Dataset excerpt
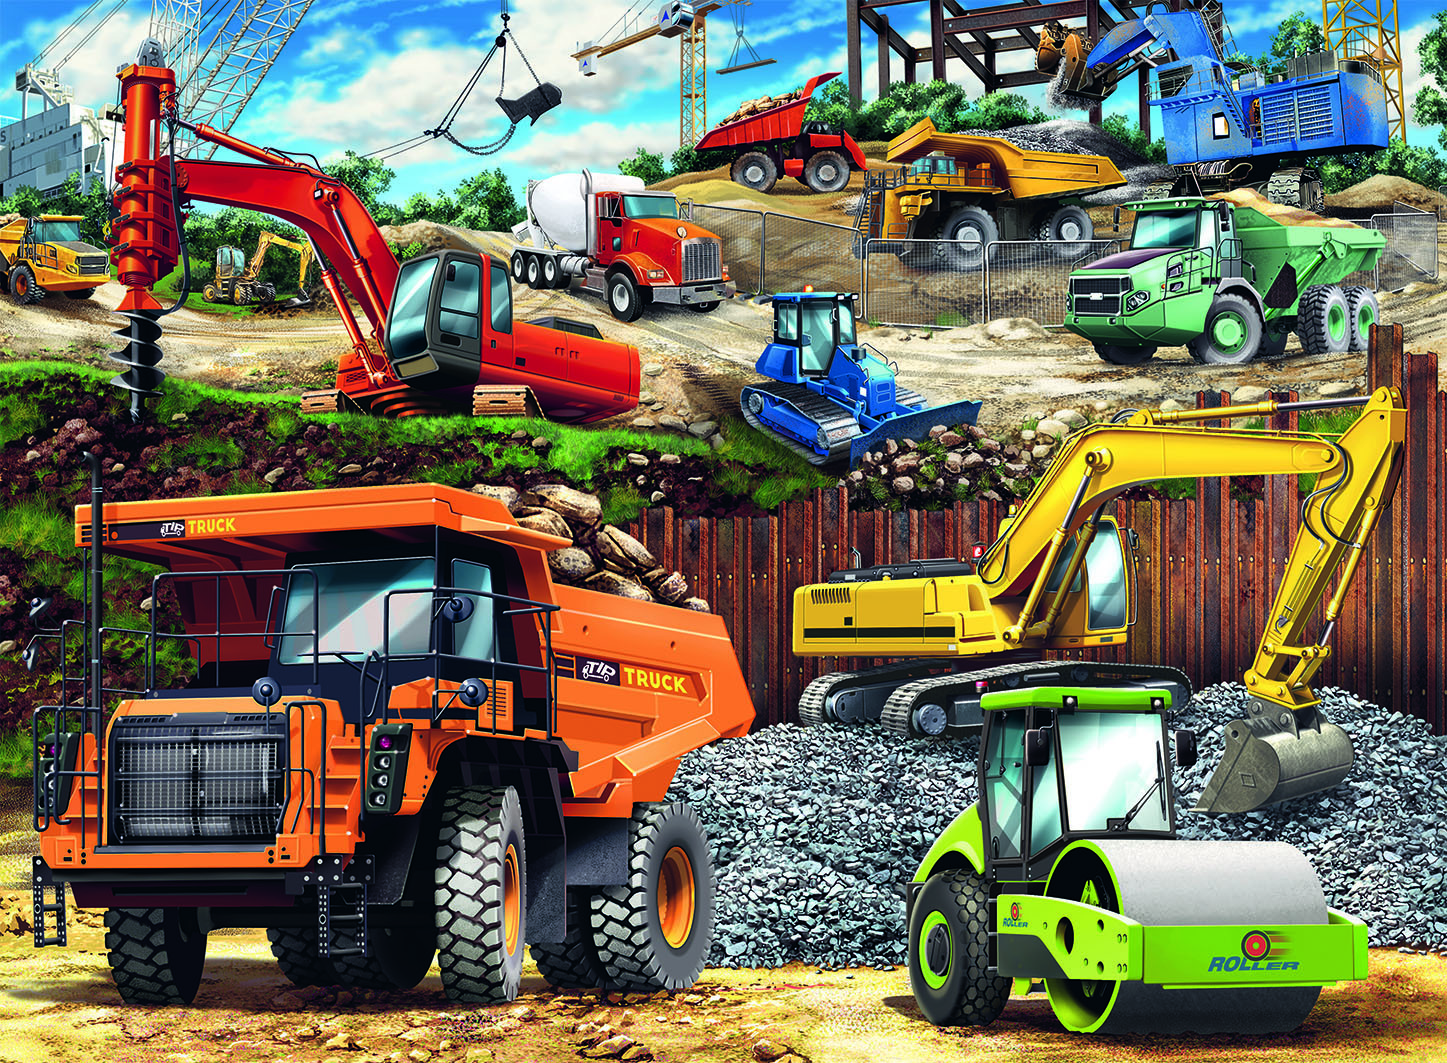 100 Pc Construction Vehicles Puzzle - Imagine That Toys
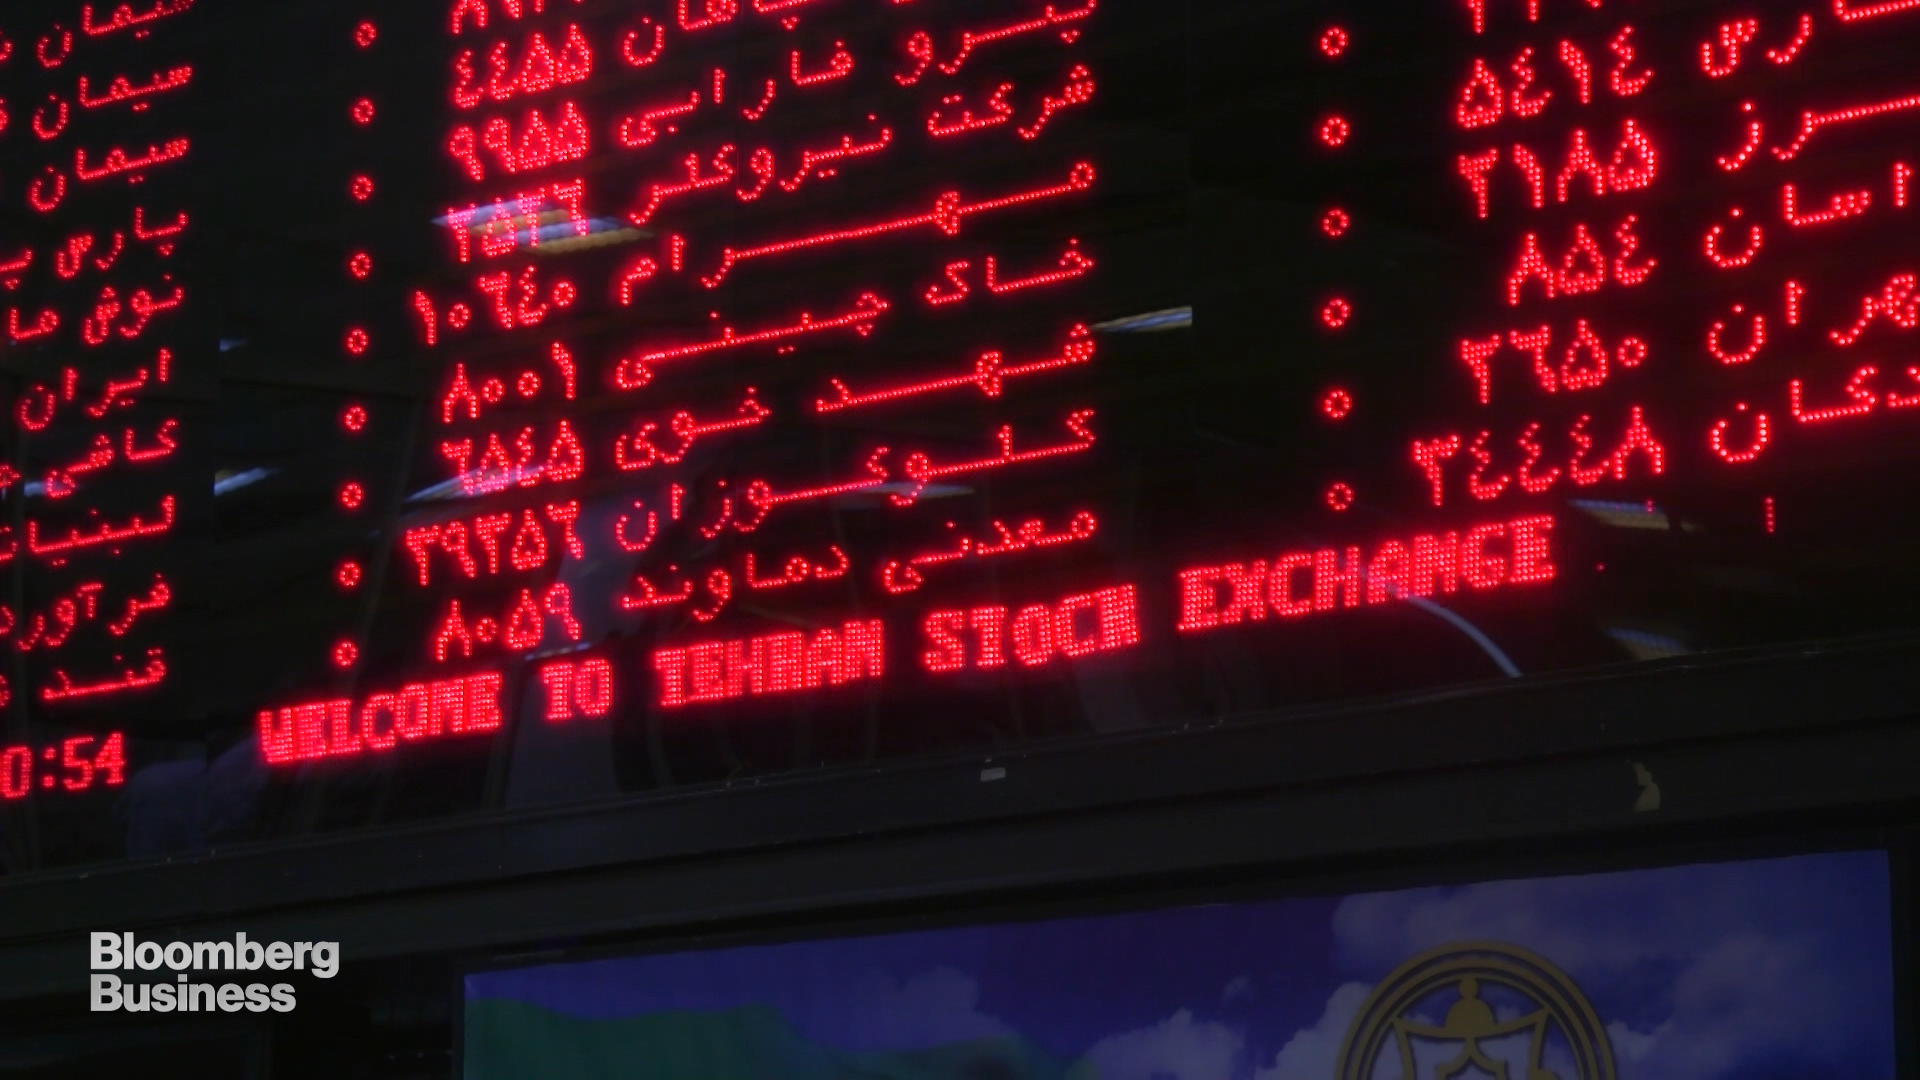 Tehran Stock Exchange, Iran Fara Bourse's Track Record for 2016-17
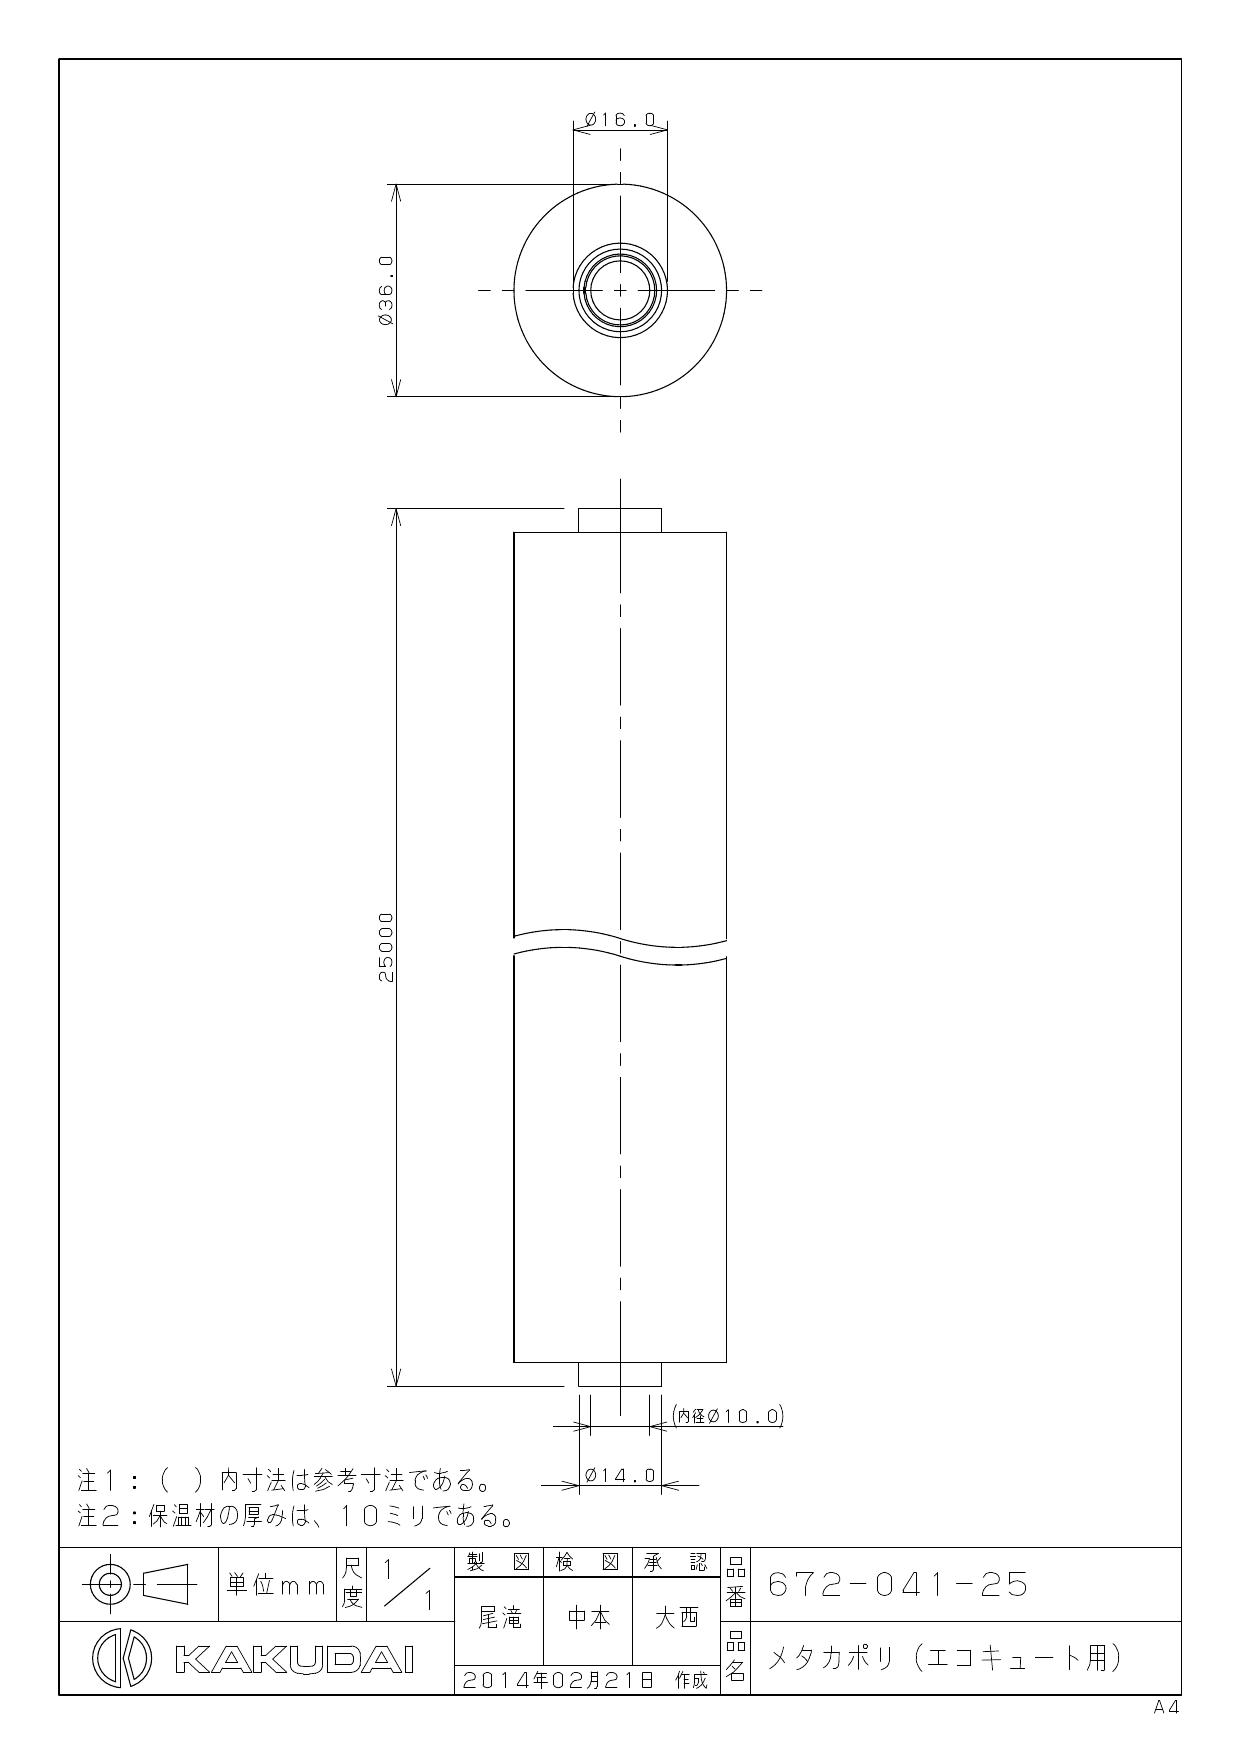 カクダイ(KAKUDAI) メタカポリエコキュートセット  10 672-043-2 - 1

Problem to solve
Could you give the listing again exactly, minus its pictures?

Reply
 100 Pc Construction Vehicles Puzzle - Imagine That Toys
 Tehran Stock Exchange, Iran Fara Bourse's Track Record for 2016-17
 カクダイ(KAKUDAI) メタカポリエコキュートセット  10 672-043-2 - 1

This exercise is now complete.